For the first time, Philip suddenly looked old and sad. “You can’t imagine what it was like then. The fevers took so many, so quickly. We bled them and purged them and dosed them and they died anyway.” He puffed furiously on his pipe.
“I’m so sorry,” I said, suddenly feeling his grief and anger. “Probably about twenty capsules of an antibiotic might have saved your mother. But we are all prisoners of our time.”
“Yes.” He paused and regarded me perceptively. “In a future day, your ailments will be curable. But you won’t be there.”
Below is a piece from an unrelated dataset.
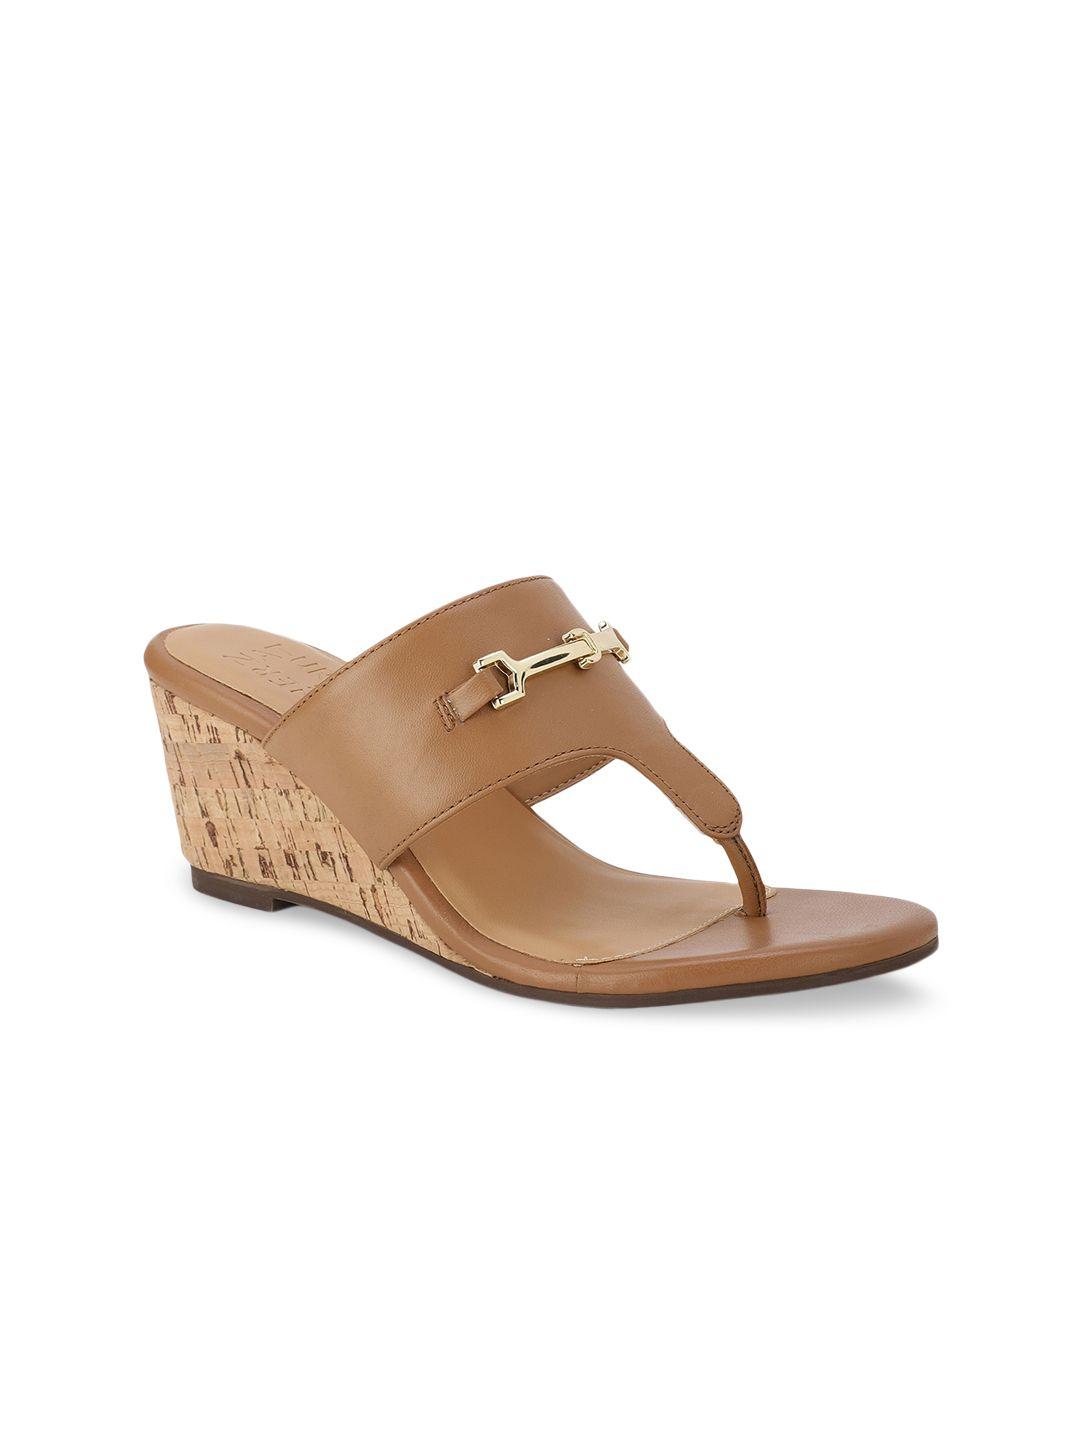 naturalizer beige leather wedge sandals
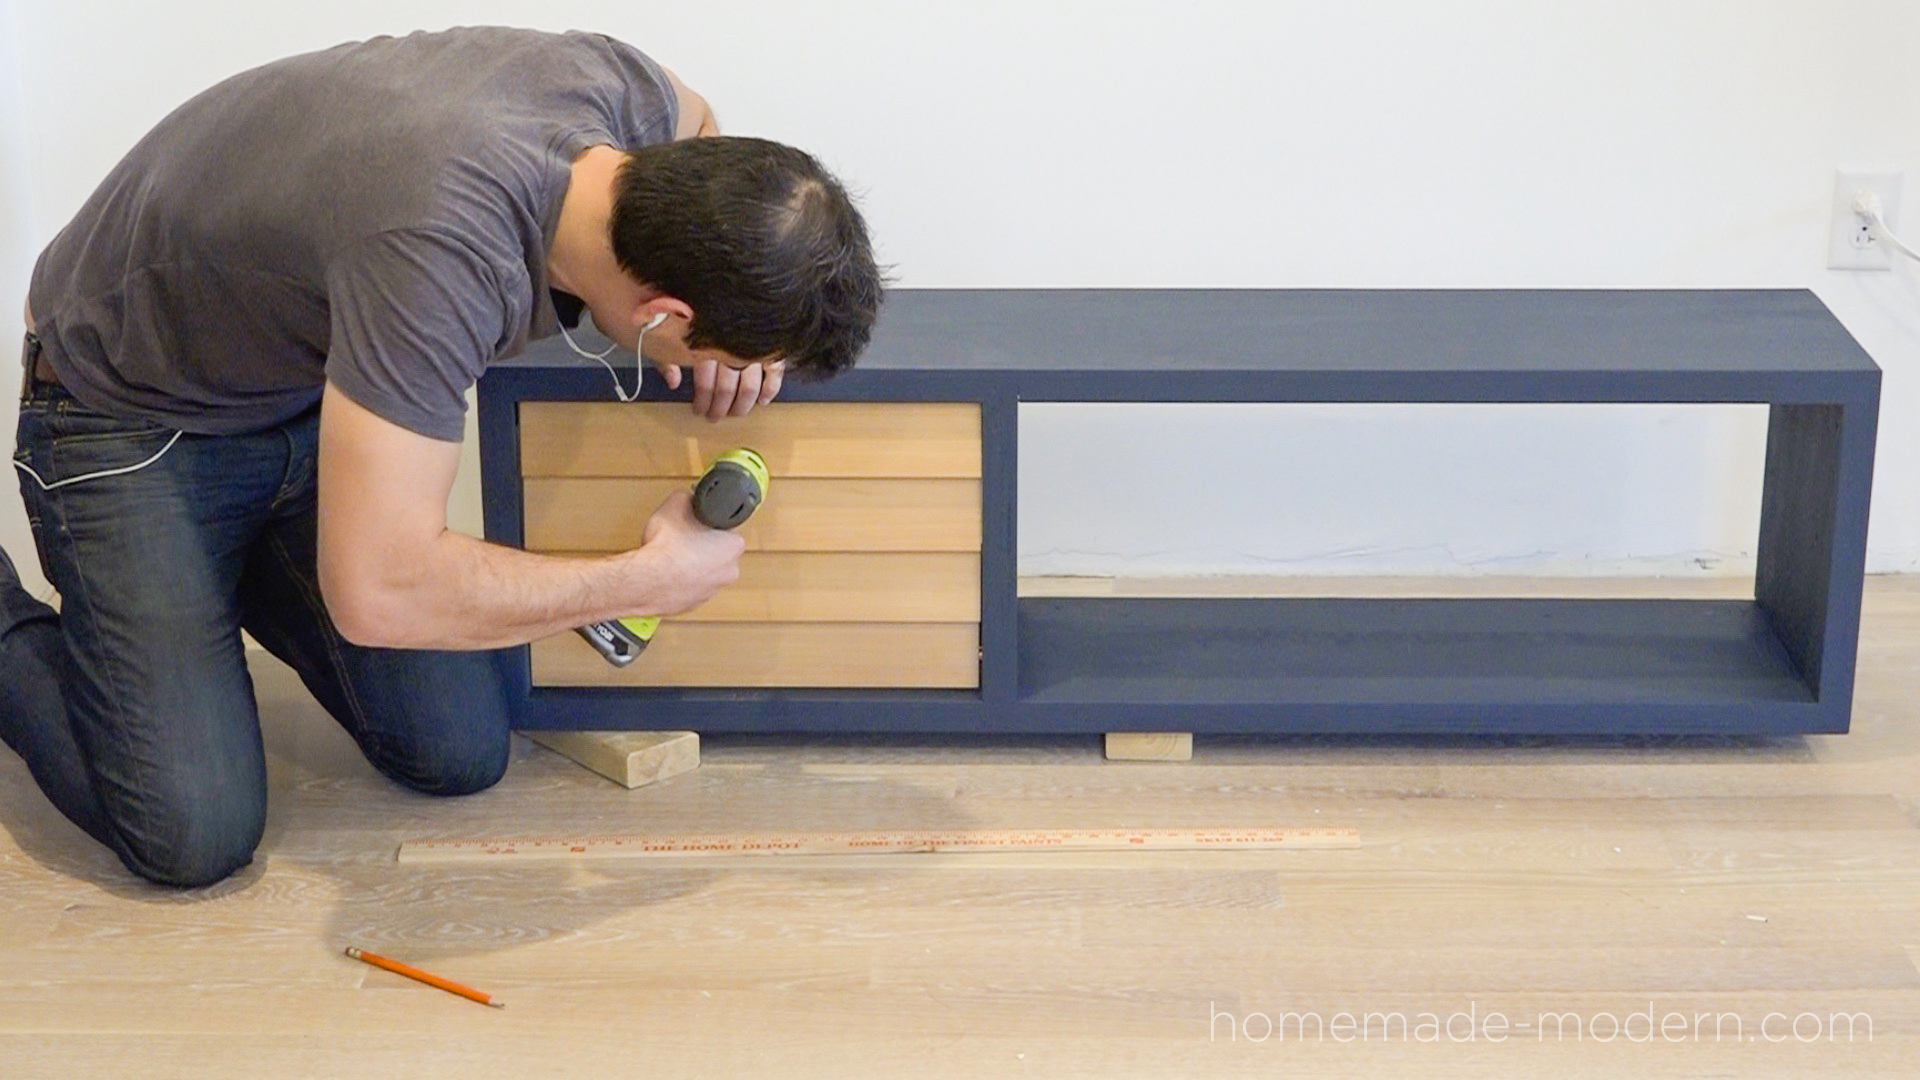 This DIY mid-century model media console is made from materials available at Home Depot for less than $100.  Full instructions can be found at HomeMade-modern.com.

“No.” Suddenly we were both sad and silent. Philip finally broke the silence. “I have to leave soon. Any other questions?”
“Many. I guess that we don’t have time. Shall I see you again?”
“Hmmm … I don’t know. Maybe I just can’t tell you. Remember that I am just an imaginary apparition.”
“Do you see any of the other family? Are you together again with your father and mother?”
“Don’t know—again, maybe we just get selective amnesia when we visit our descendants. But I know all about you. Tell your sisters hello for me, and thank them for remembering …”
Philip was suddenly silent, and his body, which had been so smelly and seemingly firm, began to dissolve. “Don’t go yet!” I cried.
He gave me a transparent grin. “Farewell, nephew. Maybe we’ll meet again!” Then Philip was gone. So were my cigarettes. I walked back to my hospital bed and suddenly the strength was gone. My own self shriveled into a thin shadow of Geoffrey Cobham, and I eased onto the bed. There were cold tears in my eyes.
PS:
Okay, Katie—I actually had fun imagining Philip. Treat him kindly if you write about him!